To enhance the safety of gas transmission pipelines, federal regulations require that operators develop programs to assess and mitigate safety threats, such as leaks or ruptures due to corrosion. Efforts must focus specifically on pipeline segments located in highly populated and frequently used areas, such as parks. Of course, it's one thing to develop programs to enhance safety. But to actually find a leak - and find it fast -that's a different ballgame.

Northern Natural Gas (NNG) recently faced that challenge. The Nebraska-based company operates a natural gas pipeline extending from the Permian Basin in Texas to the upper Midwest. The NNG system currently includes over 15,000 miles of transmission pipeline, 5.3 billion cubic feet per day of peak capacity, and five natural gas storage facilities. NNG provides transportation and storage services to about 75 utilities and numerous end-use customers.

Recently, NNG worked voluntarily with the U.S. Department of Transportation (DOT) to prove the integrity of one of its main pipelines. This DOT collaboration qualified as a high-priority challenge for the company. The accelerated timeline increased the level of difficulty. Rick Loveless, a senior environmental specialist at NNG, quickly realized that ground-based pipeline survey techniques wouldn't get the job done in time.

The project would require an innovative approach using geographic information system (GIS) methodologies. Newly developed GIS data management techniques use a combination of technologies to monitor a pipeline's integrity. The system pulls together an in-depth comprehension of a region's geography; adds elements of computer science, cartography, and information science; and blends in sophisticated remote control techniques.
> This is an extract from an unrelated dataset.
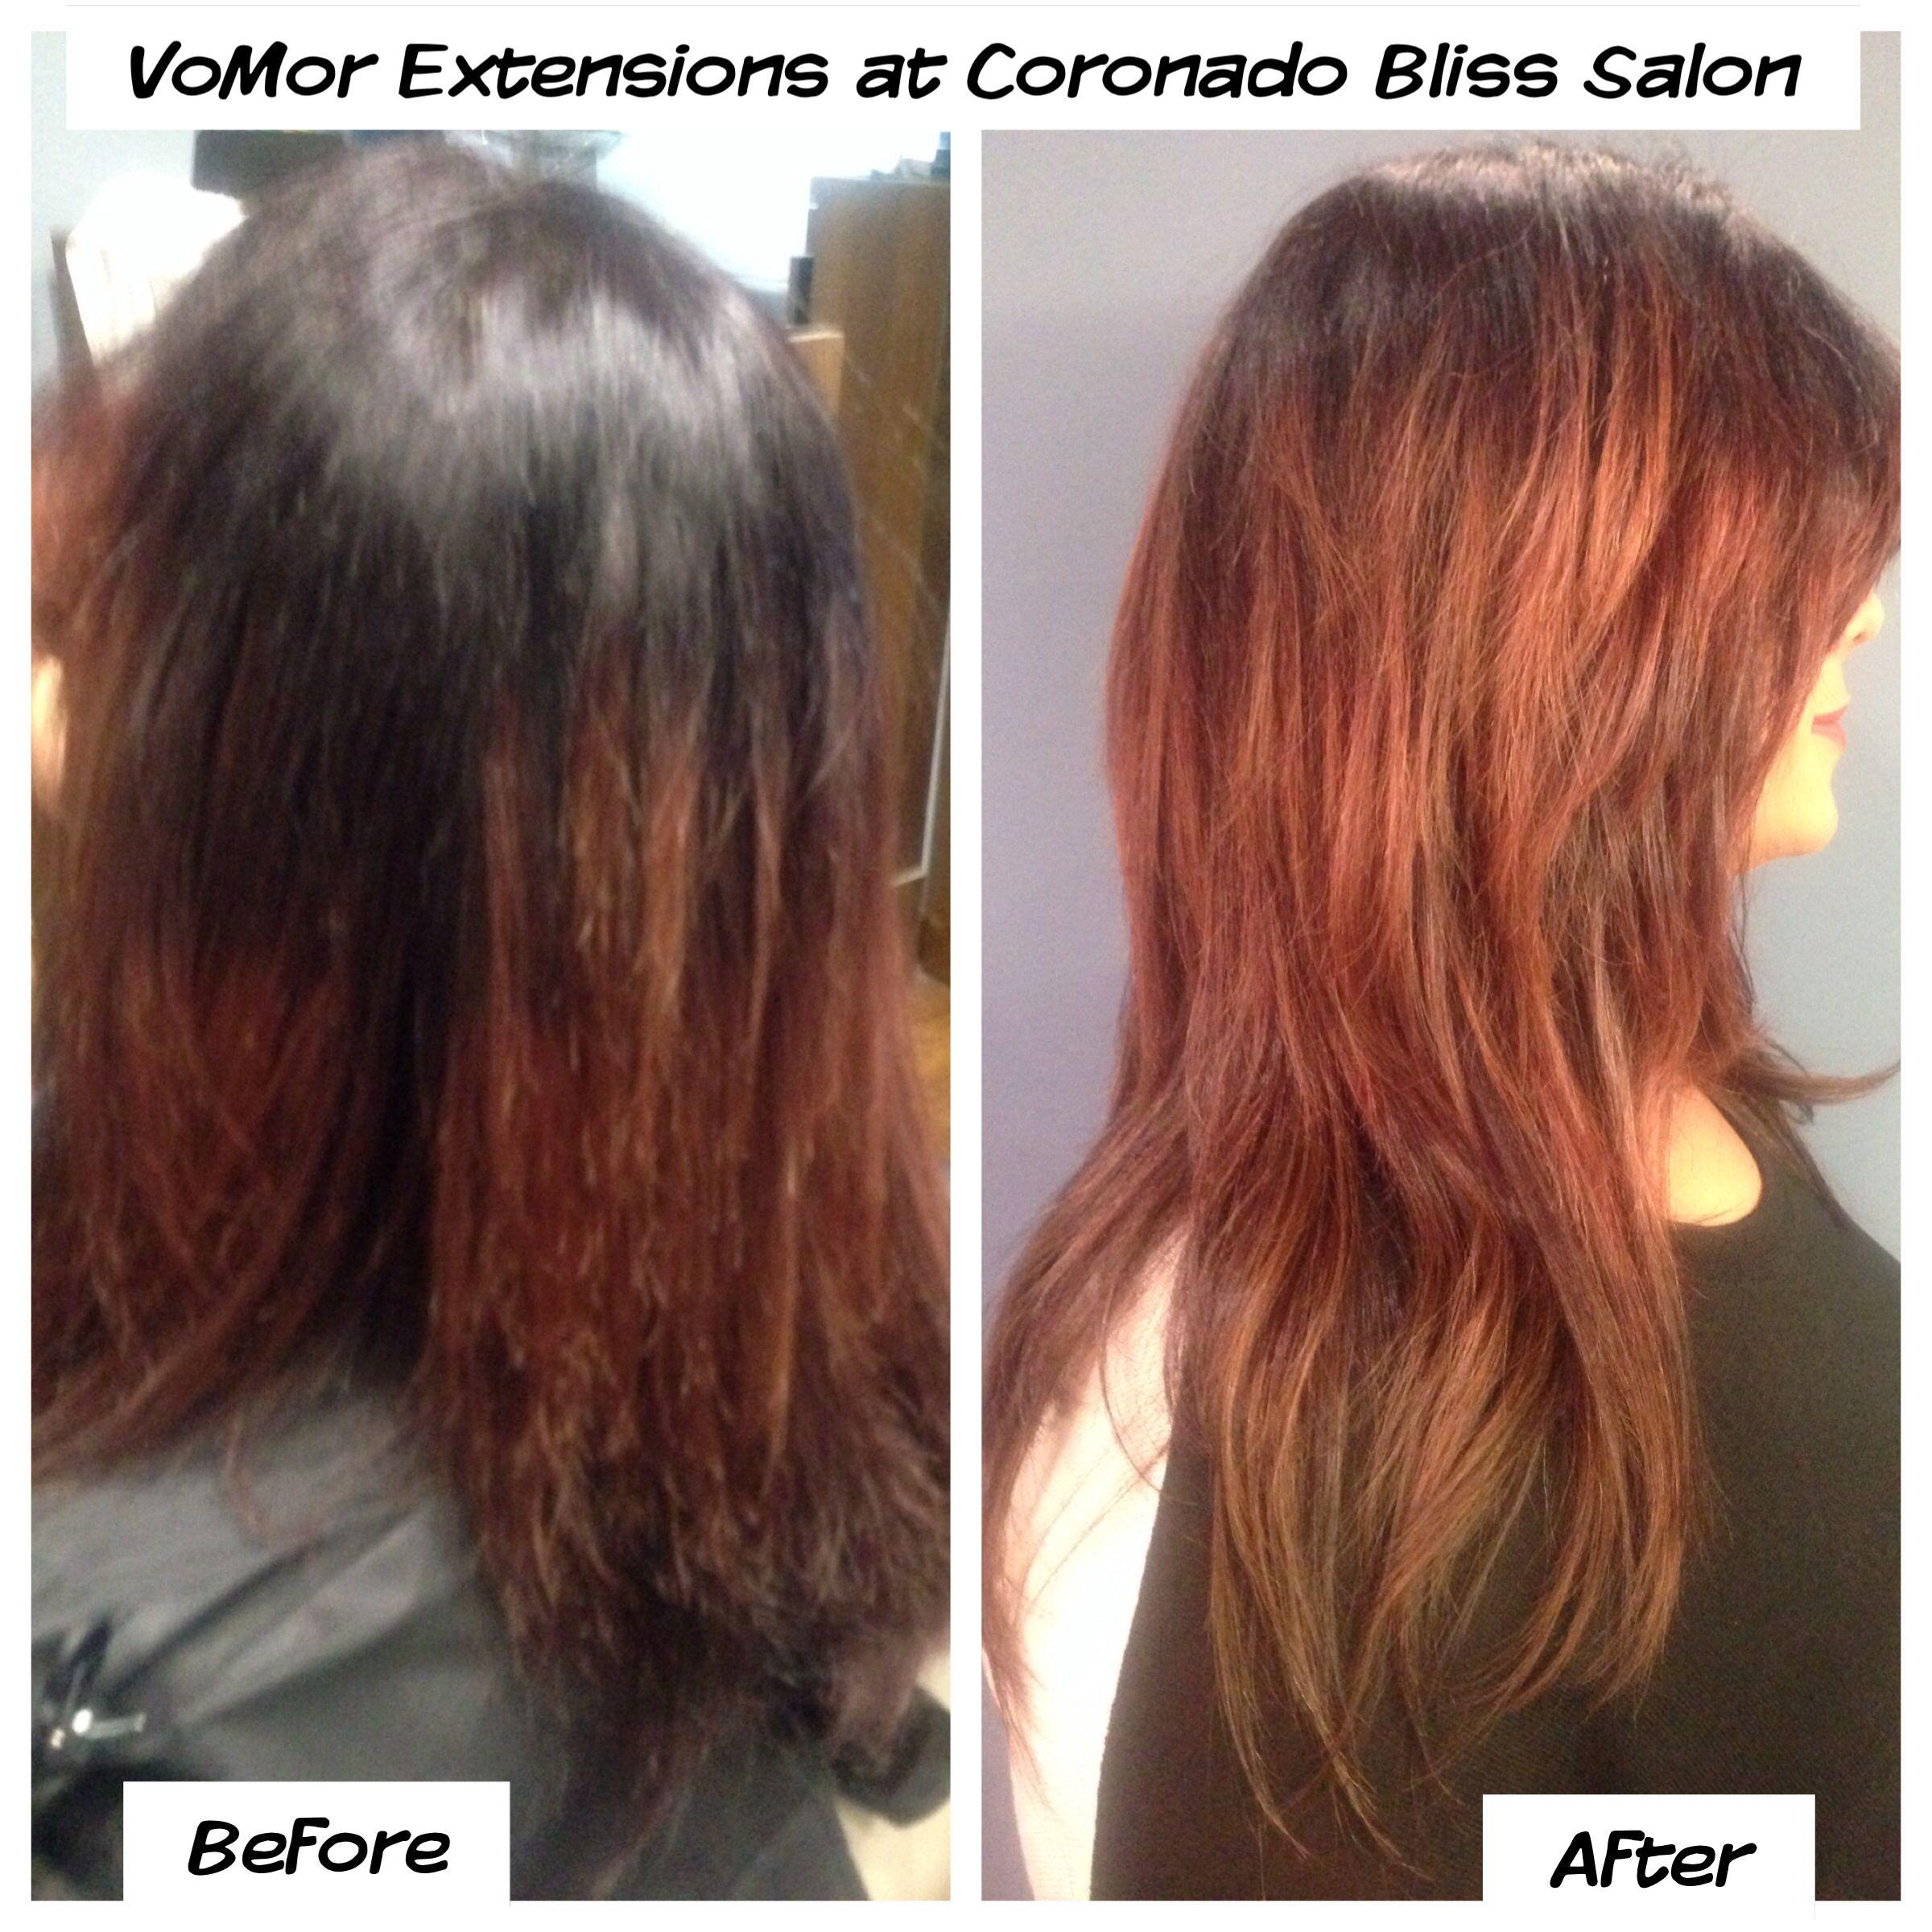 Vomor hair extensions vomor hair extensions pinterest hair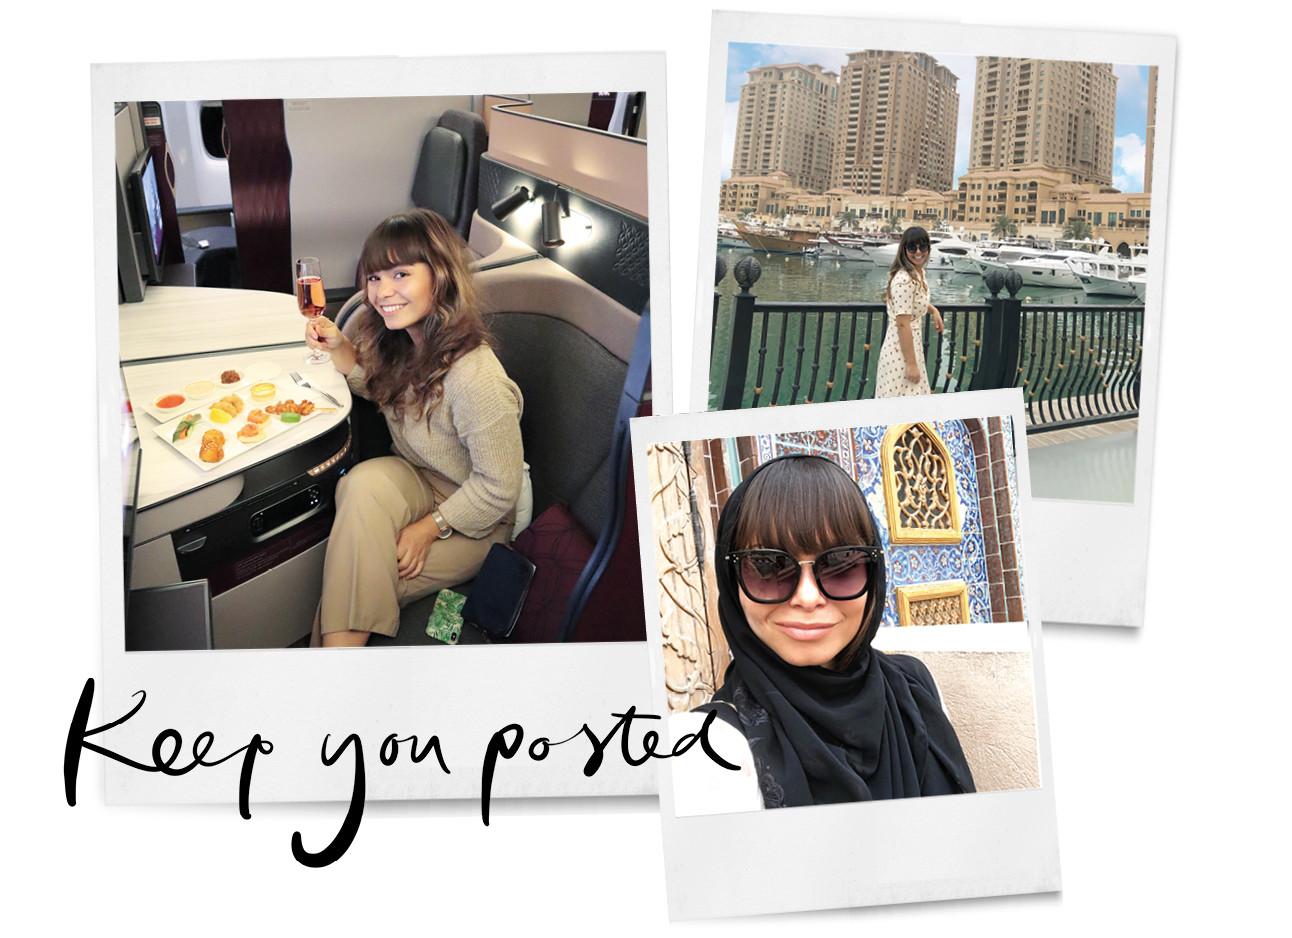 Kiki duren in het vliegtuig van qatar airways, sightseeing en met een hoofddoek en bril op, keep you posted

Based on his reading of the DOT's requirements and his prior experience, Loveless recommended that NNG call on ITT Corporation's Airborne Natural Gas Emission Lidar (ANGEL) Services. "I knew the service worked because of a trial survey we had done in 2006 on our Texas and Oklahoma pipeline," Loveless recalls. In that survey, ANGEL Services discovered various pipeline and facility emissions, including an underground pipeline leak.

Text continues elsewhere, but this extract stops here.